COVID-19 Safety on the Road
Although traveling by car is one of the safest ways to take a vacation this year, there are still several precautions you should take to make it as safe as possible:
- Bring your own food. Packing your own food is considered the safest option, but if you want to eat at a restaurant, consider using the drive-thru or takeout options.
- Bring snacks and water. In case restaurants and rest stops are closed, you’ll want to have your own beverages and snacks for the road.
- Remember the hand sanitizer. Pack extra hand sanitizer and wipes in case you have difficulty locating it on the road. Use hand sanitizer after using a public restroom, and wipe surfaces like handles and buttons at gas stations before touching them.
- Wear your mask in public, especially if you’re not able to distance yourself from others. Some areas are stricter than others about mask adherence, so make sure that you know and follow the rules.
Safety Behind the Wheel
The COVID-19 precautions don't override the other important checks for road trips. Make sure your car is as ready for the adventure as you are. In fact, it may be worthwhile to have a vehicle safety inspection performed before you leave for a little peace of mind. Having a quick tune-up if one is due is also never a bad idea. Whatever the case may be, there are several things you’ll want to have checked before you pack up the car. Here’s a handy checklist:
- Tires: Your entire trip is literally riding on your tires. First, make sure there’s an appropriate amount of tread, then check for leaks and uneven wear. Make sure you know the correct tire pressure for your vehicle and check it after a long day of driving.

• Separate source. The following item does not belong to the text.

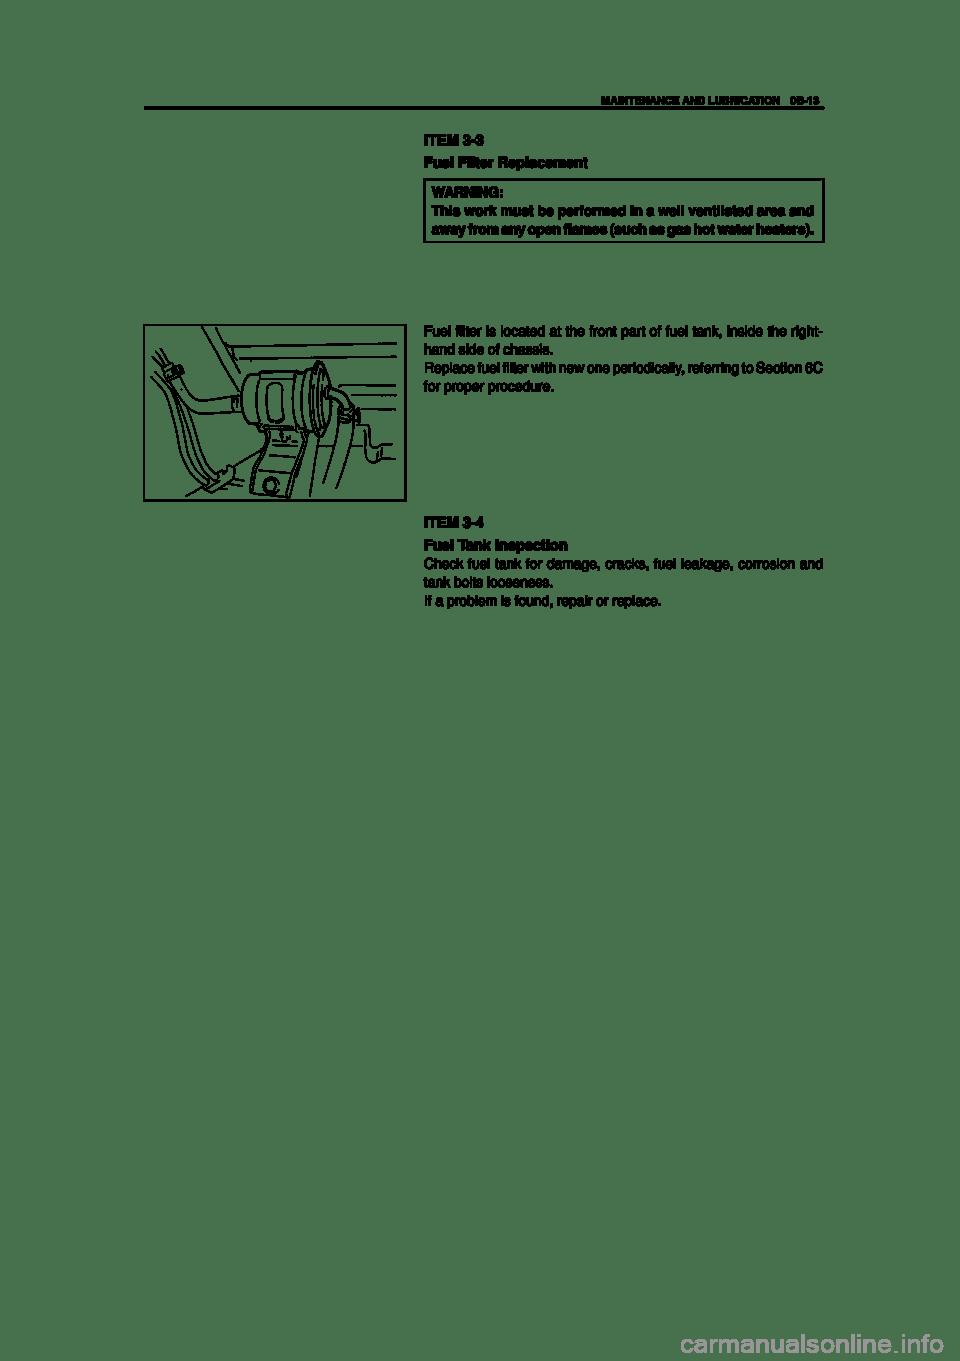 hight resolution of suzuki grand vitara 2002 2 g service workshop manual page 40

- Air conditioning: There’s never a “good” time for your A/C to go out, but a particularly bad time for that to happen is while you’re on a summer road trip. Have your mechanic check it to avoid a hot, uncomfortable car ride.
- Coolant: In addition to making sure you have enough engine coolant, inspect your vehicle for leaks that could cause problems on the road.
- Battery: Hot temperatures are hard on car batteries, so a quick check of the battery and charging system is a wise investment. If your battery is more than five years old, consider replacing it before you set out on your adventure.
- Oil: Staying current on oil changes means your engine will run more efficiently, something you always want.
- Wiper blades: Did you know that wiper blades need to be replaced every six to 12 months? If it’s been longer than that, invest in a new set of blades before you set out on a long trip.
- Brakes: Even if your brakes appear to be working fine, consider an inspection to make sure your pads and rotors are in good condition. If you haven’t had a brake fluid flush in a while, this could be a good time to have that done.
- Belts and hoses: Extreme temperatures — such as Ohio’s cold winters and hot summers — are hard on belts and hoses. Look for any fraying, stretching or cracking that might spell trouble down the road.
- Suspension: When your front and rear suspension goes, so does your ability to steer. Have it checked before hitting the road.
- Transmission: Flushing and changing out the transmission fluid regularly can help avoid problems like gear grinding, shifting difficulties, and general wear and tear on the inner-workings of your transmission.
Have Some End-of-Summer Fun
If you've heeded this advice, you can breathe easy, knowing that you’ve taken the precautions needed to keep your family safe, both inside and outside of the vehicle. Drive safely — and have a memorable time.